Development Productivity

Code Analysis

• When the Visual Studio extension is installed, it provides additional code analysis specifically aimed at the proper usage of QuickOPC APIs, and OPC in general. Affected places are marked up with "squiggles" directly in the code, and also appear as warnings (or other message severities) in the Error List window.

Tools and Online Services

Connectivity Explorer

• Added "Create Instance Certificate" and "Validate Instance Certificate" commands to the root OPC Unified Architecture (Client-Server) connectivity node.

OpcCmd Utility

OPC UA Client-Server

• The command uaClientApplication removeInstanceCertificate has been renamed to removeOwnCertificate.
• The uaClientApplication removeOwnCertificates command now has an additional option, -me|-mustExist <bool>, specifying whether the certificate must be present in the certificate store.
• Added createOwnCertificate and validateOwnCertificate commands to the uaClientApplication command.
• Added option --certificateSubId|-csi <string> to uaClientApplication commands that work with the application instance certificate.
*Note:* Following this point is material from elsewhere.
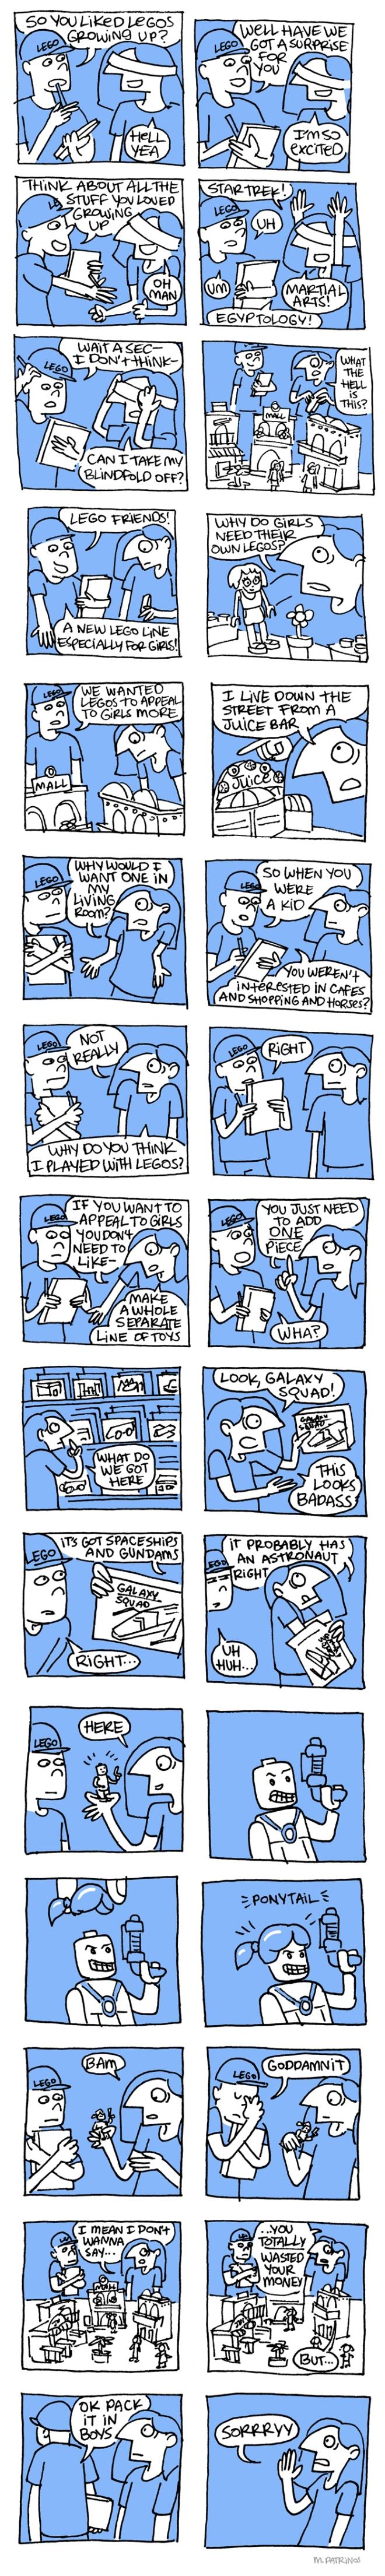 2014-12-06-Lego-Friends

The option allows to enter the certificate sub-id, in case the application uses multiple own instance certificates. In some cases there is --certificateSubIdPattern|-csip <string> option instead.
• Added listCertificateSubIds command to the uaClientApplication command. The command finds and displays sub-ids of all application certificates in the certificate store.
• Added option --EndpointCertificateSubId|-ecsi <string> to commands that take OPC UA endpoint descriptor as an input. The option allows to enter the sub-id of the application instance certificate which will be used when establishing the connection.
• Added assureOwnCertificate command to the uaClientApplication command. The command assures presence of the instance certificate the application is currently configured to use.
• Added options to uaClientApplication createOwnCertificate and uaClientApplication validateOwnCertificate commands that allow you to parameterize the operation, such as choosing the minimum key size, or the certificate validity period in months.

All Command-Line Tools

• The .NET build configurations of the command-line tools now target .NET 7.
• In table output, values in columns with data of enumerated types are now automatically colorized, allowing quick visual distinction between the distinct enum values.

Examples

OPC UA Client-Server

• Added C# example showing how to set the validity period of the auto-generated application instance certificate.